Two lines below mark the span: the one containing "Marvel Avengers: Infinity" and the one containing "Threes-X.jpg". Set down both, plus every line between, exactly as they stand, and nothing else.

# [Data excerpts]
- Opening Delimiter -
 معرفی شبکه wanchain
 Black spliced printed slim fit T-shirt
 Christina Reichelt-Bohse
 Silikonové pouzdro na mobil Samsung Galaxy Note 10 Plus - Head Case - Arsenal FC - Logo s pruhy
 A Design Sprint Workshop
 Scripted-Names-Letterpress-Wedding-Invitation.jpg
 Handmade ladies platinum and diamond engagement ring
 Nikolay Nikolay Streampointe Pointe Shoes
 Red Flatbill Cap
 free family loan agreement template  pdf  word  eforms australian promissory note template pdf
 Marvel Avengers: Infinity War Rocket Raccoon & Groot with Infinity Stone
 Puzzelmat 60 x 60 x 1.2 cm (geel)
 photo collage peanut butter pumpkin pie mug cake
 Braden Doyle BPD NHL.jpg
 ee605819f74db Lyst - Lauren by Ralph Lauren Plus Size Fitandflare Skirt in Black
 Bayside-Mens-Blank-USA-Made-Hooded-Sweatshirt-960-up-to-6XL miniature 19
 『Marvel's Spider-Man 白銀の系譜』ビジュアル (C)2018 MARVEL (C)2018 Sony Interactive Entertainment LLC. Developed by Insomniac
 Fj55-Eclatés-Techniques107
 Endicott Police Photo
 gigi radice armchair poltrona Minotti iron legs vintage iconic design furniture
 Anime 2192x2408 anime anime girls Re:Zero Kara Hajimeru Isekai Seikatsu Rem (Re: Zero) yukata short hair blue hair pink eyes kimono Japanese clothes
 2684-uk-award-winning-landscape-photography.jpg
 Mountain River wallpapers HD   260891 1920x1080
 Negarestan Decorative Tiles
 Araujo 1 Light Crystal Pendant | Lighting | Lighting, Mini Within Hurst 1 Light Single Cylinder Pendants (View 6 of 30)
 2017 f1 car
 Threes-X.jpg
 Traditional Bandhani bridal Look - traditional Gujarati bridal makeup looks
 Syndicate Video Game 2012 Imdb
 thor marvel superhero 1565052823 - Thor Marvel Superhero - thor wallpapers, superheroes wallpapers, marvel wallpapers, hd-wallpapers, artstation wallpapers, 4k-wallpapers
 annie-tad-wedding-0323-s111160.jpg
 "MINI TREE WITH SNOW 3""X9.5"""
- Closing Delimiter -
# [ANSWER TO THIS PROBLEM]
 Marvel Avengers: Infinity War Rocket Raccoon & Groot with Infinity Stone
 Puzzelmat 60 x 60 x 1.2 cm (geel)
 photo collage peanut butter pumpkin pie mug cake
 Braden Doyle BPD NHL.jpg
 ee605819f74db Lyst - Lauren by Ralph Lauren Plus Size Fitandflare Skirt in Black
 Bayside-Mens-Blank-USA-Made-Hooded-Sweatshirt-960-up-to-6XL miniature 19
 『Marvel's Spider-Man 白銀の系譜』ビジュアル (C)2018 MARVEL (C)2018 Sony Interactive Entertainment LLC. Developed by Insomniac
 Fj55-Eclatés-Techniques107
 Endicott Police Photo
 gigi radice armchair poltrona Minotti iron legs vintage iconic design furniture
 Anime 2192x2408 anime anime girls Re:Zero Kara Hajimeru Isekai Seikatsu Rem (Re: Zero) yukata short hair blue hair pink eyes kimono Japanese clothes
 2684-uk-award-winning-landscape-photography.jpg
 Mountain River wallpapers HD   260891 1920x1080
 Negarestan Decorative Tiles
 Araujo 1 Light Crystal Pendant | Lighting | Lighting, Mini Within Hurst 1 Light Single Cylinder Pendants (View 6 of 30)
 2017 f1 car
 Threes-X.jpg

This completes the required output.